Demitri V. Deathstoll

“Polar” opposites

Friday, March 19th, 2010

So, my brain is getting the best of me this week…  I was on high for 2 weeks straight and nothing could bring me down.  Nothing happened to make me feel this way, it’s just the way it goes in this mind of mine.  My eyes look like I just woke up all day long.  I don’t have many words for many people and my emotions are silent.    Digging my way back and my way out…  I will reach my polar end today.

Mary Jane for marY janE

Tuesday, March 16th, 2010

It would be nice to step into someone else’s mind for a change. I want to know how other minds work, how they respond and the sensations that are felt during the course of a normal day.

Now, let’s talk about Mary Jane.
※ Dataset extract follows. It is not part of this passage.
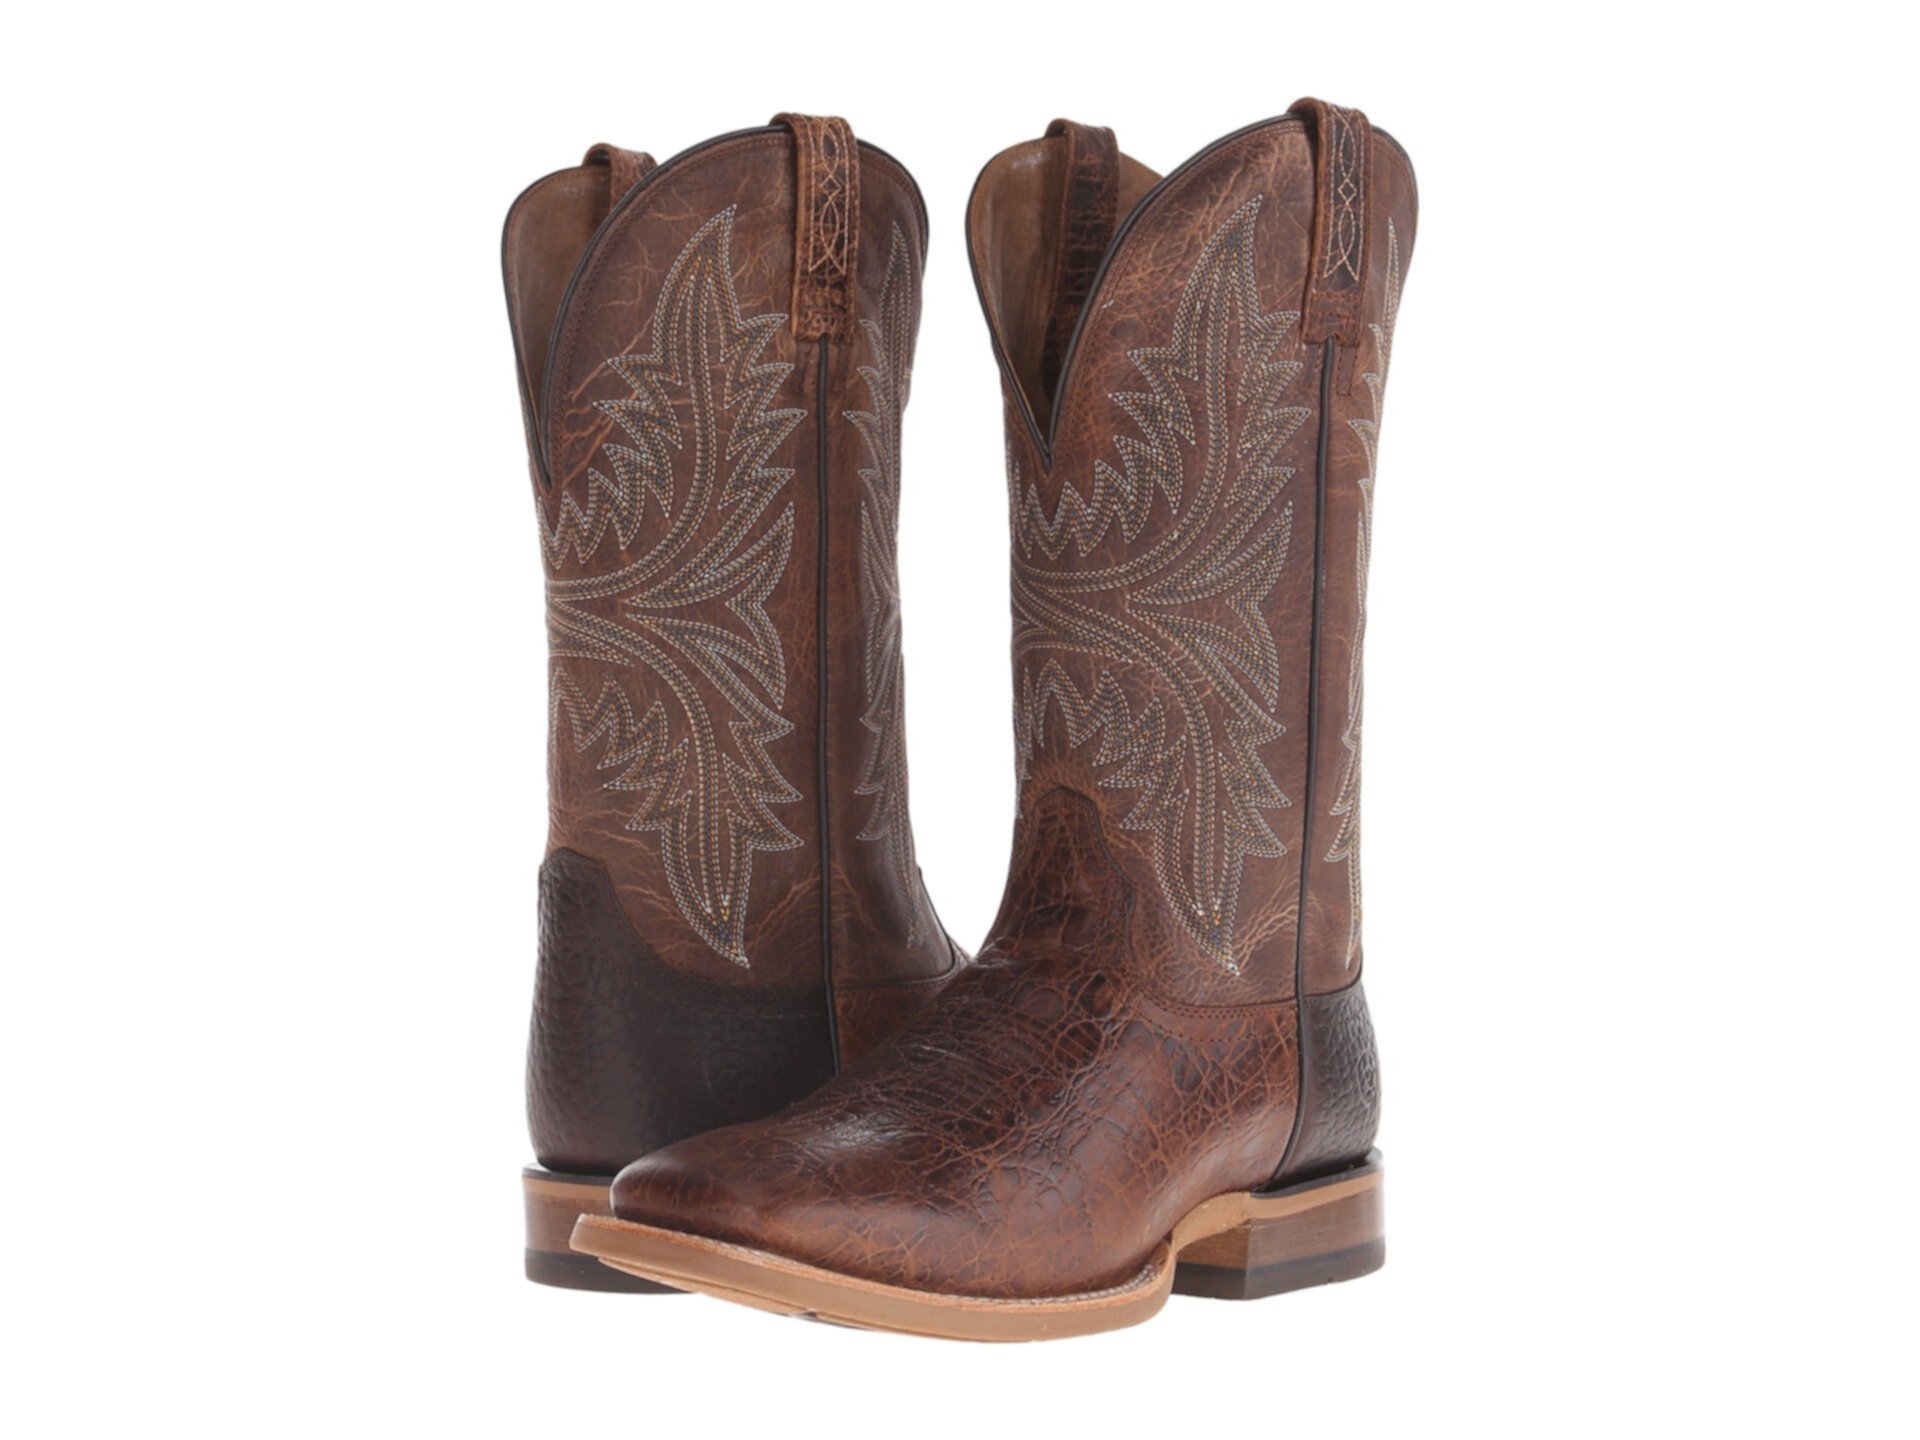 Cowhand Ariat

Do you ever wonder if the way YOU feel when hanging with mary is the way other people feel on a day to day basis? Do you ever wonder if the way THEY feel when hanging with Mary is the way you feel when you are all alone with no one around. It’s a weird concept…   No one really knows what is NORMAL and what is HIGH.

Think about this… are the colors that you see THE SAME as they colors THEY see? What about SOUNDS… or SMELLS?

Now What?

Silence in a closet

Monday, March 15th, 2010

I’m going home and am going to lock my self in a closet, turn on a red light and blast death metal until my ears ring shut.